Jules Verne

Den volgenden dag, 17 November, voelde ik bij mijn ontwaken, dat de Nautilus onbeweeglijk stil lag; ik kleedde mij haastig aan, en ging naar de zaal; daar wachtte mij kapitein Nemo. Hij stond op, groette mij, en vroeg of het ons aangenaam was hem te vergezellen. Daar hij niets zeide van zijne achtdaagsche afwezigheid; paste ik wel op er niet over te spreken, en antwoordde eenvoudig, dat mijne makkers en ik gereed waren hem te volgen.

"Alleen mijnheer," voegde ik er bij, "zij het mij vergund u eene vraag te doen."

"Ga uw gang, mijnheer Aronnax, en als ik haar kan beantwoorden, zal ik het doen."

"Welnu, kapitein, hoe komt het dan dat gij, die alle betrekking met het land hebt afgebroken, bosschen op het eiland Crespo bezit?"

"Mijnheer de professor," antwoordde de kapitein, "de bosschen welke ik bezit hebben licht, noch warmte van de zon noodig.

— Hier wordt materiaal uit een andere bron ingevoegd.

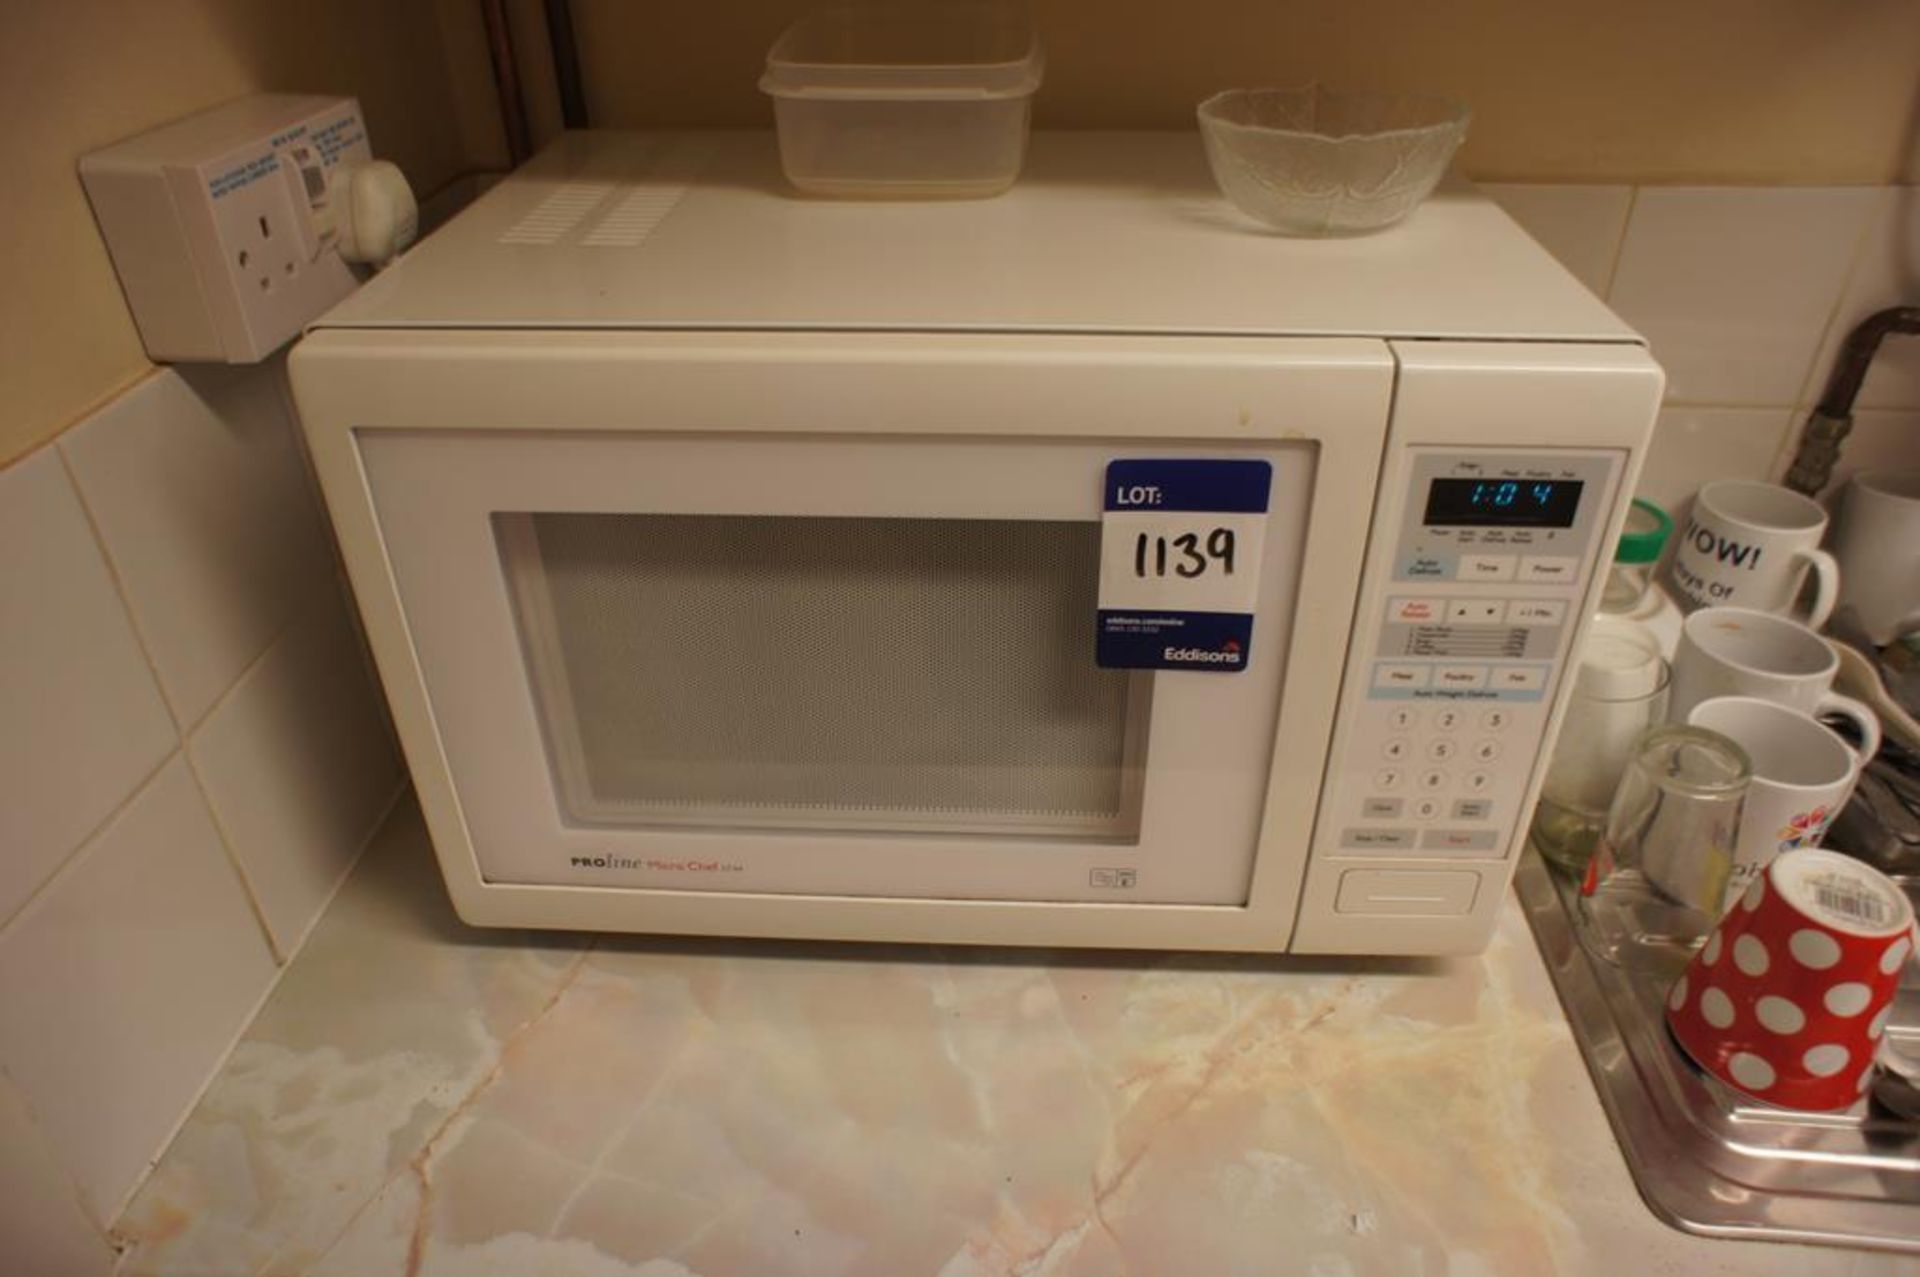 * Proline Microwave Oven Photographs are provided for example purposes only and do not represent the - Image 3 of 3

Er zijn geen leeuwen of tijgers, geen panters of andere viervoetige dieren; ik ken ze alleen; zij groeien slechts voor mij; het zijn geene bosschen op het land, maar onder de zee."

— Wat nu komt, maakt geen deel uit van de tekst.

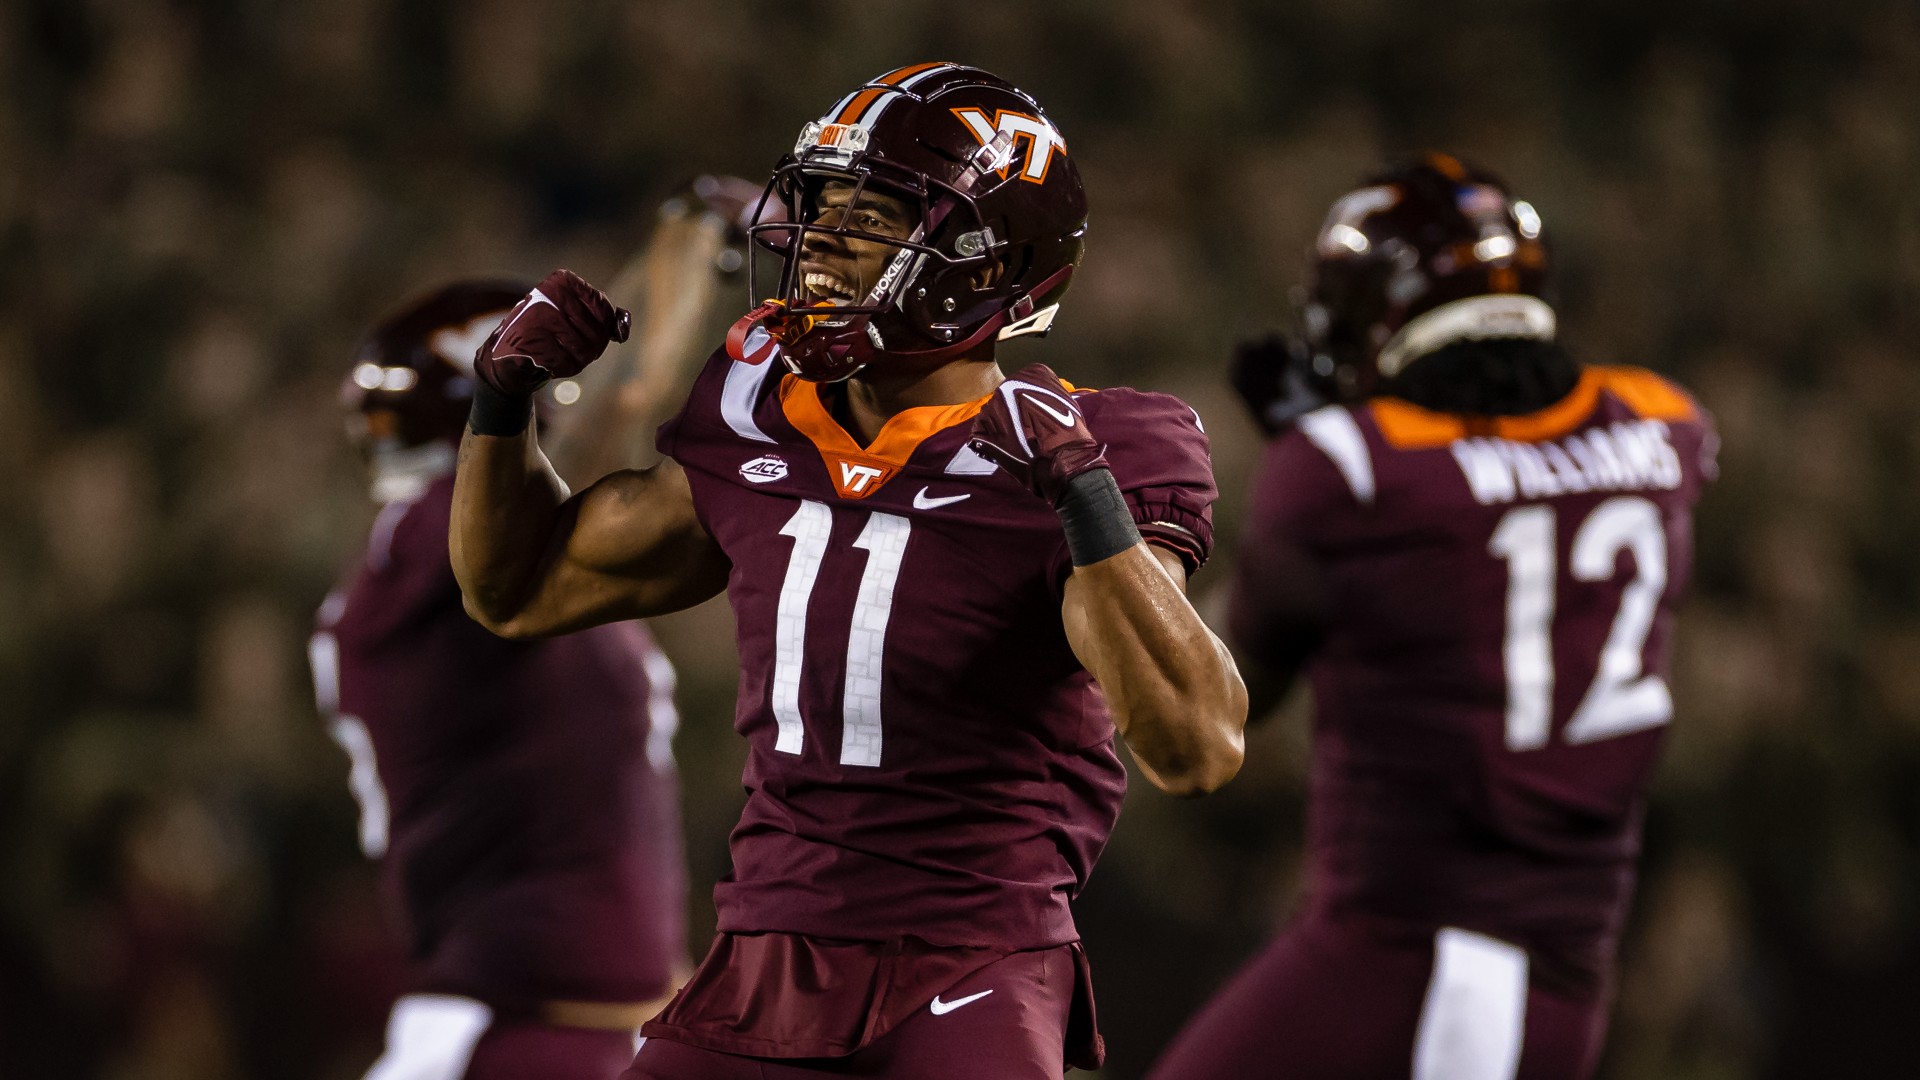 Virginia Tech vs. Miami College Football Odds, Picks, Preview: Will Hurricanes Rebound from Tough Loss? article feature image

"Onderzeesche bosschen!" riep ik uit.

"Zooals gij zegt, mijnheer."

"En gij wilt er mij in brengen?"

"Juist."

"En te voet?"

"Zelfs droogvoets."

"En op de jacht?"

"Ja!"

"Met het geweer in de hand?"

"Met het geweer in de hand."

"Ik keek den kapitein van de Nautilus aan met een gezicht, dat alles behalve vleiend voor zijn persoon was. Ik dacht dat zijne hersens gekrenkt waren, dat hij een aanval van waanzin gehad had, die acht dagen en dat die zelfs nog voortduurde. Het is jammer; ik had toch liever met zijne vreemdsoortige eigenaardigheden te doen, dan met een gek!

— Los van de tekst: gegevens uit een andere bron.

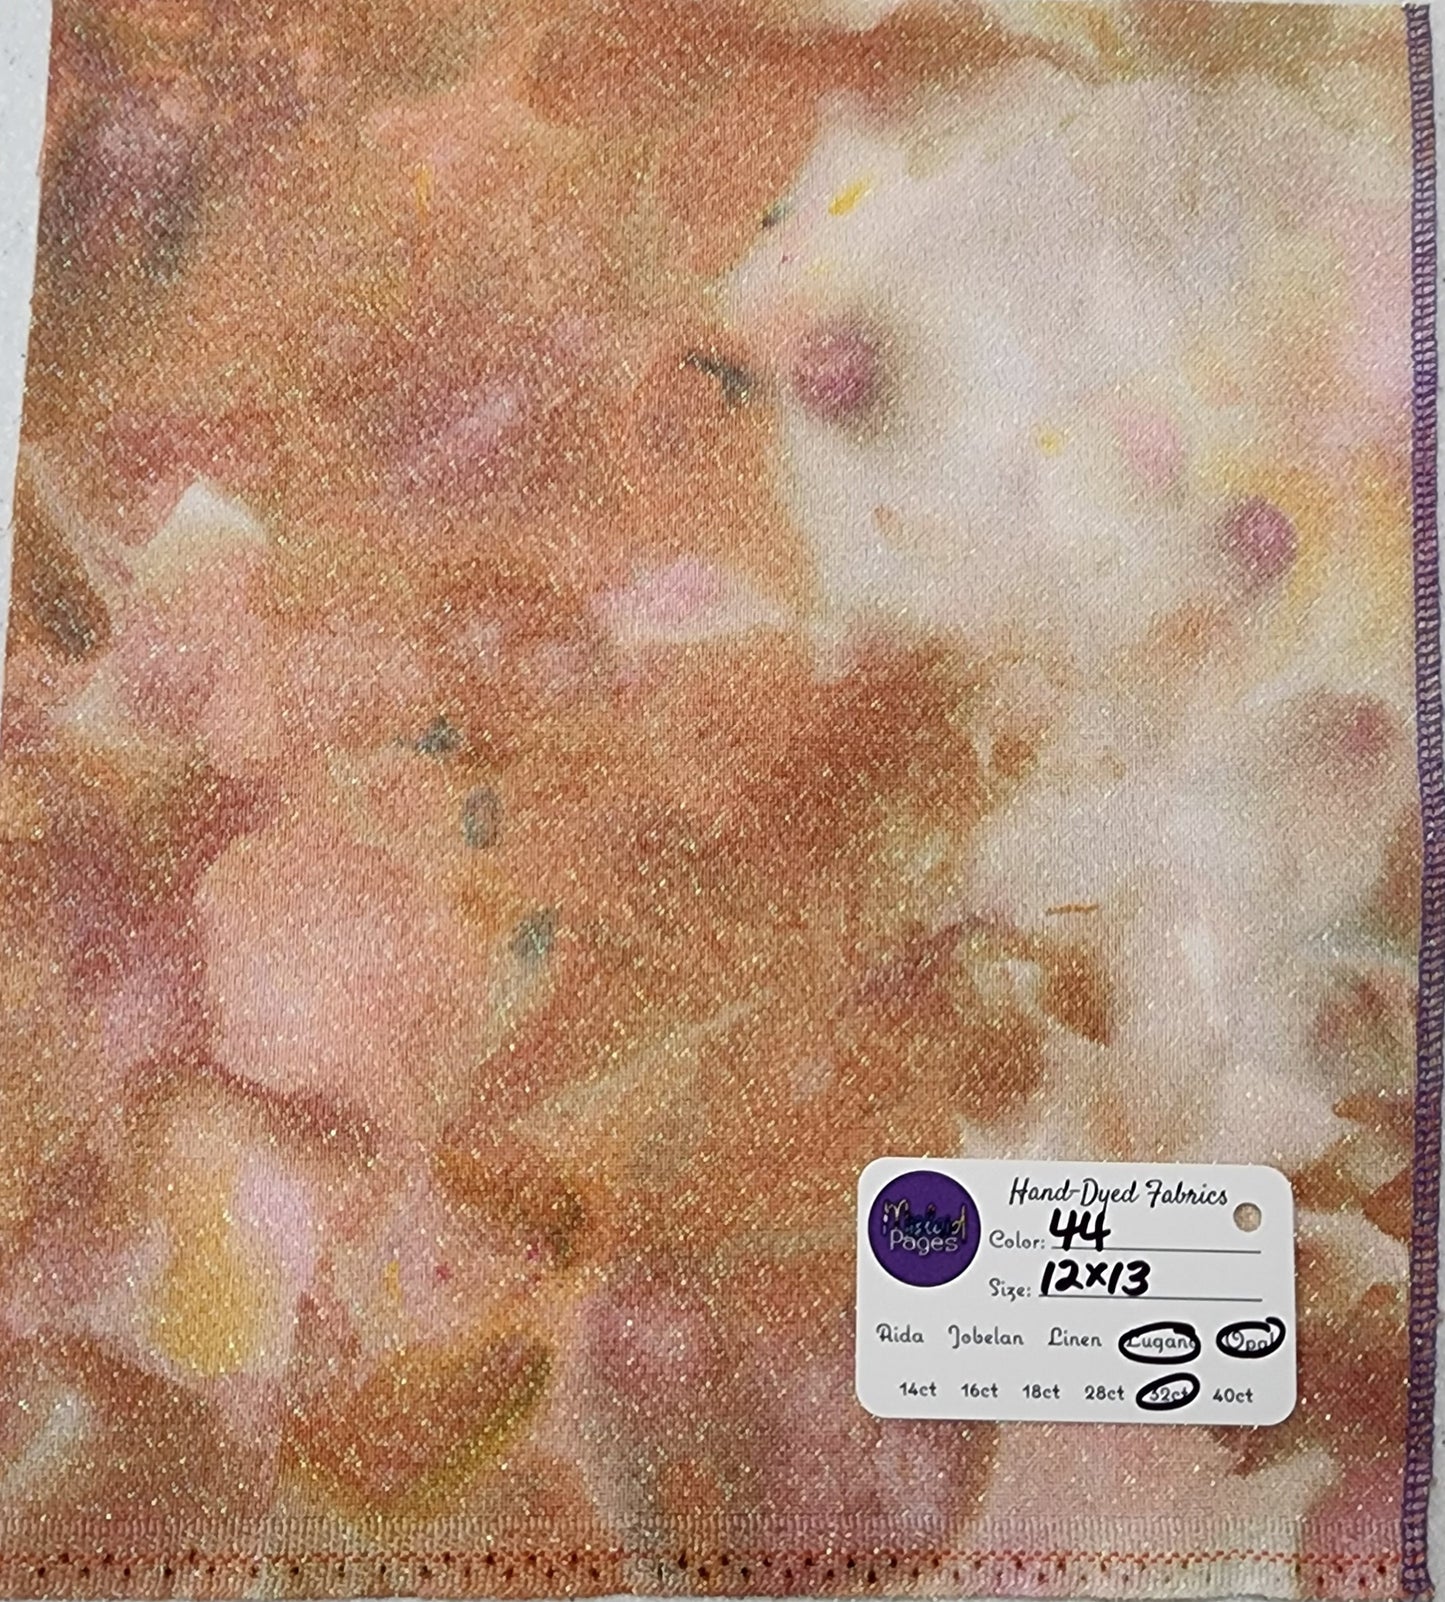 32ct Opal Lugana - "Autumn's Bounty" Lot #44 - Hand-Dyed Fabric - October 2022 Release

Waarschijnlijk kon de kapitein deze gedachten duidelijk op mijn gelaat lezen, doch hij vergenoegde zich met mij te verzoeken hem te volgen, en ik deed dit als iemand die op alles voorbereid is. Wij kwamen in de eetzaal, waar het ontbijt gereed stond. "Mijnheer Aronnax," zeide de kapitein, "ik verzoek u met mij te willen ontbijten; dan kunnen wij op ons gemak praten. Ik heb u wel eene wandeling door de bosschen beloofd, maar volstrekt niet gezegd dat gij daar eenige restauratie zoudt vinden. Ontbijt dus als iemand die eerst zeer laat dineeren zal."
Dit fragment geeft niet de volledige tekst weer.